Section 3 makes specific provision in relation to a summons to be issued in circumstances where the person who is alleged to have committed a specified road traffic offence is a member of the Garda Síochána.  At present, section 88(3) of the Courts of Justice Act 1924 and the relevant District Court Rules include a provision that a summons against a person who is a member of the Garda Síochána shall be signed by a Judge.  Subsection (1) seeks to set aside this restriction for the purposes of this Bill.

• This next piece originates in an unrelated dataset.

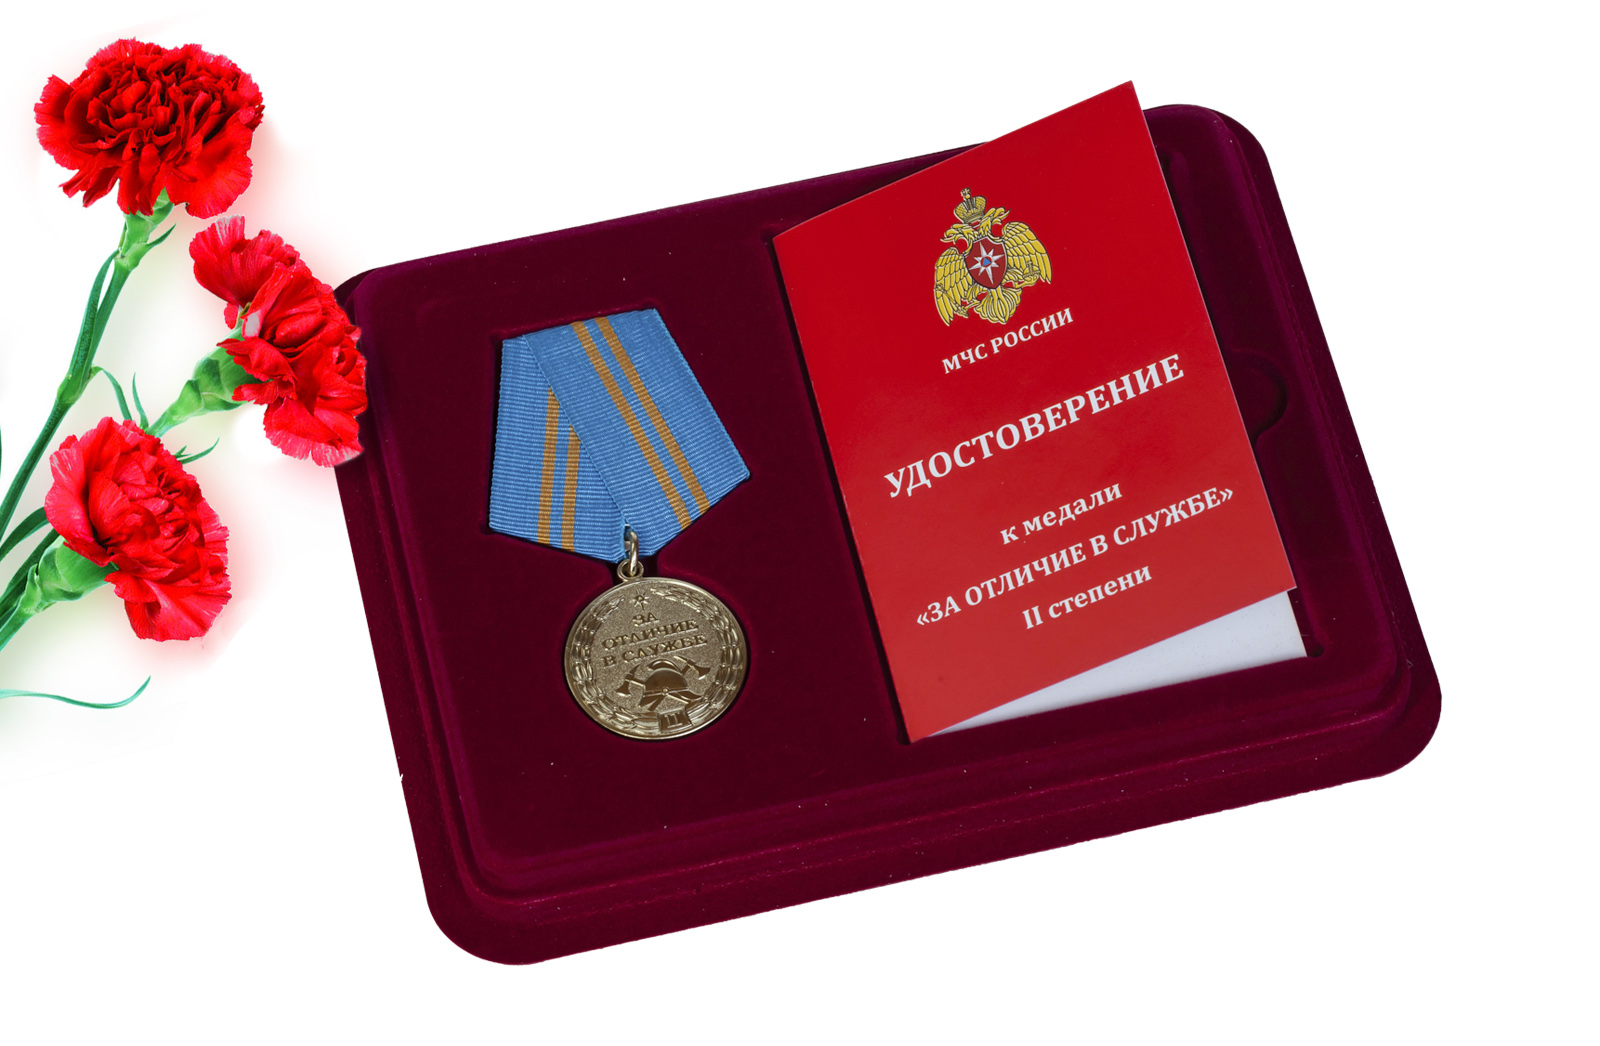 Купить медаль МЧС За отличие в службе 2 степени по низкой цене

Here I would like to inform the House that the Government will be bringing forward an amendment to section 3 of the Bill at Committee Stage. This will essentially centre on the retention of the provisions of the current section 3(1)(a) while putting aside those of section 3(1)(b) of the Bill in its reference to section 29 of the Road Traffic Act 2010.  Upon further reflection in consultation with the Office of Parliamentary Counsel and the Department of Transport, Tourism and Sport the need has emerged for a more detailed review to be undertaken of the issues arising around the current section 3(1)(b) than the narrow context of this Bill would allow. It is therefore considered that the relevant matters should be given further dedicated consideration in their own right including in further consultation with the key stakeholders. It is considered that the retention of section 3(1)(b) as it stands, while well intentioned, could slow down the overall passage of the Bill while these further issues are considered. While still under preparation by my Department in conjunction with the Office of Parliamentary Counsel, the proposed amendment to section 3 will, of course, be explained in more detail to Members in the moving at Committee Stage of the amendment concerned.


Section 4 of today’s Bill deals with its short title; its collective citation and construction with the Courts (Supplemental Provisions) Acts; and its commencement by means of ministerial order. 


In conclusion, I would like to commend this Bill to the House as a means of closing an undesirable loophole in the application of the Road Traffic Acts. It has the potential, if brought to enactment, to increase payment on foot of the relevant fixed charge notices, ensure the application of the relevant penalty points and keep down the number of cases that would otherwise go on to take up valuable Court and Garda time. This will provide further means of ensuring that those who commit such offences on our roads can be brought fully to account.